Salmo: “Il mio lato cantautorale? È l’inizio di qualche cosa”

Salmo, che nel 2021 protestò contro il mancato riavvio del mondo dello spettacolo durante la pandemia, mettendo in discussione le leggi imposte dal lockdown, quasi per un gioco di cicli storici che si aprono e che si chiudono, alla fine ha ritrovato se stesso partendo da un isolamento, però questa volta voluto, cercato, “necessario”, spiega. Proprio come fece Paul McCartney quando nel 2020 decise di chiudersi in una fattoria insieme alla sua famiglia "registrando praticamente ogni giorno per ritrovare l’amore per la musica”, il rapper sardo ha fatto lo stesso per realizzare “RANCH”, il suo nuovo album in uscita il 9 maggio, che arriva a quattro anni di distanza da “Flop!” e a due da “Cvlt”, il joint con Noyz Narcos.

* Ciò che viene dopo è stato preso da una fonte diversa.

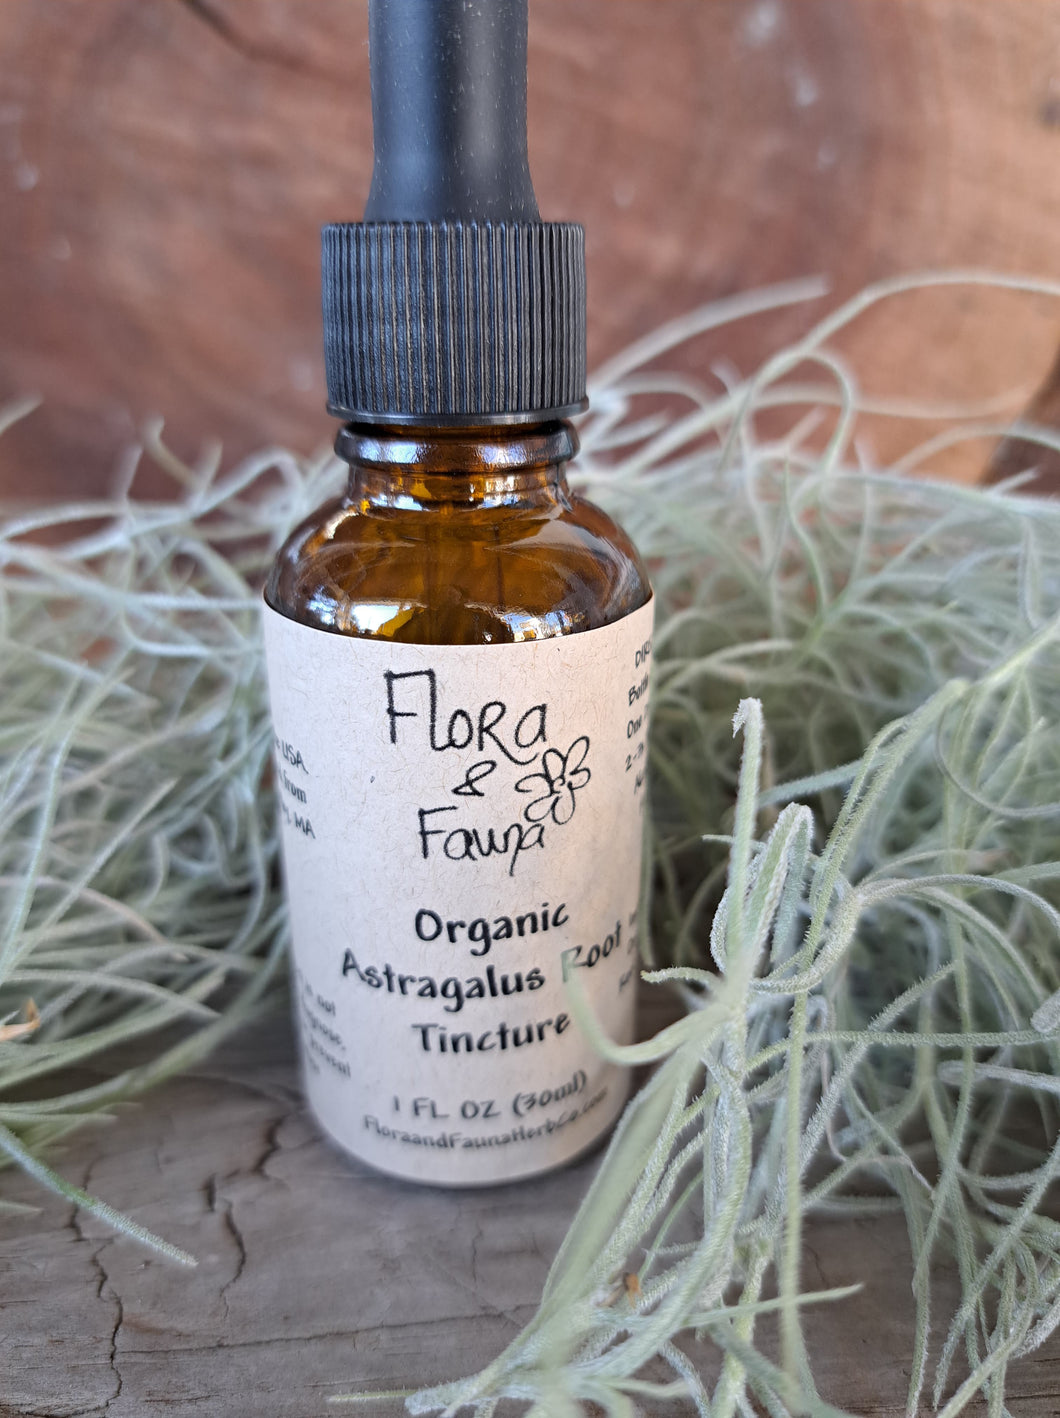 Astragalus Root Tincture/Extract

"RANCH” (i cui video sono stati girati in Bulgaria in un vero ranch, quello dell’ultimo capitolo di Rambo) è un disco verace e autentico in cui tutte le anime di Salmo vengono innalzate: da quella rap hardcore a quella più melodica e cantautorale, passando per quella rock ed elettronica-impazzita. Il rifugio in collina, nel cuore della Sardegna, ha permesso all’artista, lontano dai riflettori e dagli algoritmi social, di guardarsi dentro e di riconnettersi con se stesso. Tutto il mondo di Salmo troverà letteralmente casa al “Lebonski Park”, il live in scena il 6 settembre alla Fiera Milano Live.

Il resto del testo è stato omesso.